Background on Default Probabilities Used
The Kamakura Risk Information Services version 5.0 Jarrow-Chava reduced form default probability model makes default predictions using a sophisticated combination of financial ratios, stock price history, and macro-economic factors. The version 5.0 model was estimated over the period from 1990 to 2008, and includes the insights of the worst part of the recent credit crisis. Kamakura default probabilities are based on 1.76 million observations and more than 2000 defaults. The term structure of default is constructed by using a related series of econometric relationships estimated on this data base. An overview of the full suite of related default probability models is available here.

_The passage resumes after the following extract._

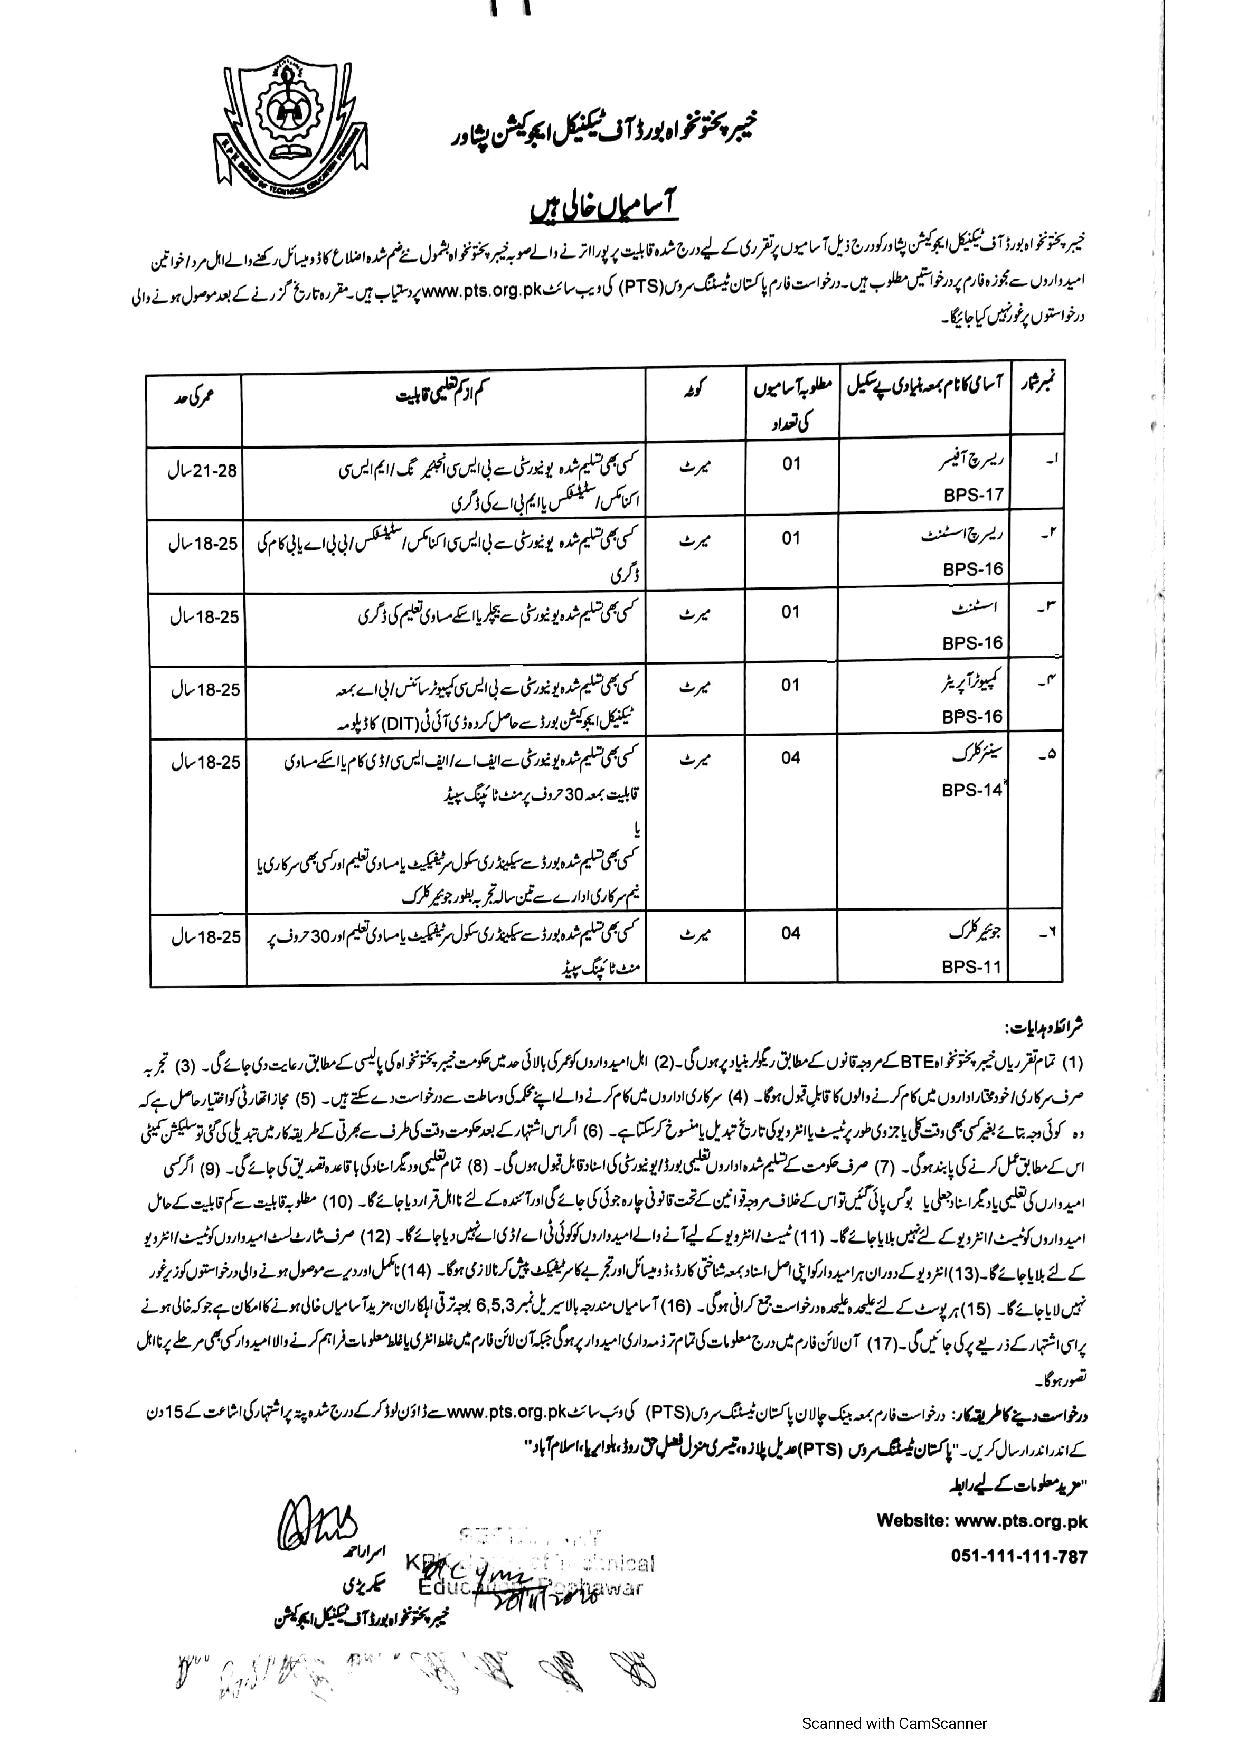 KPK Board of Technical Education (BTE-KPK) (426)| Peshawar

General Background on Reduced Form Models
For a general introduction to reduced form credit models, Hilscher, Jarrow and van Deventer (2008) is a good place to begin. Hilscher and Wilson (2013) have shown that reduced form default probabilities are more accurate than legacy credit ratings by a substantial amount. Van Deventer (2012) explains the benefits and the process for replacing legacy credit ratings with reduced form default probabilities in the credit risk management process. The theoretical basis for reduced form credit models was established by Jarrow and Turnbull (1995) and extended by Jarrow (2001). Shumway (2001) was one of the first researchers to employ logistic regression to estimate reduced form default probabilities. Chava and Jarrow (2004) applied logistic regression to a monthly database of public firms. Campbell, Hilscher and Szilagyi (2008) demonstrated that the reduced form approach to default modeling was substantially more accurate than the Merton model of risky debt. Bharath and Shumway (2008), working completely independently, reached the same conclusions. A follow-on paper by Campbell, Hilscher and Szilagyi (2011) confirmed their earlier conclusions in a paper that was awarded the Markowitz Prize for best paper in the Journal of Investment Management by a judging panel that included Prof. Robert Merton.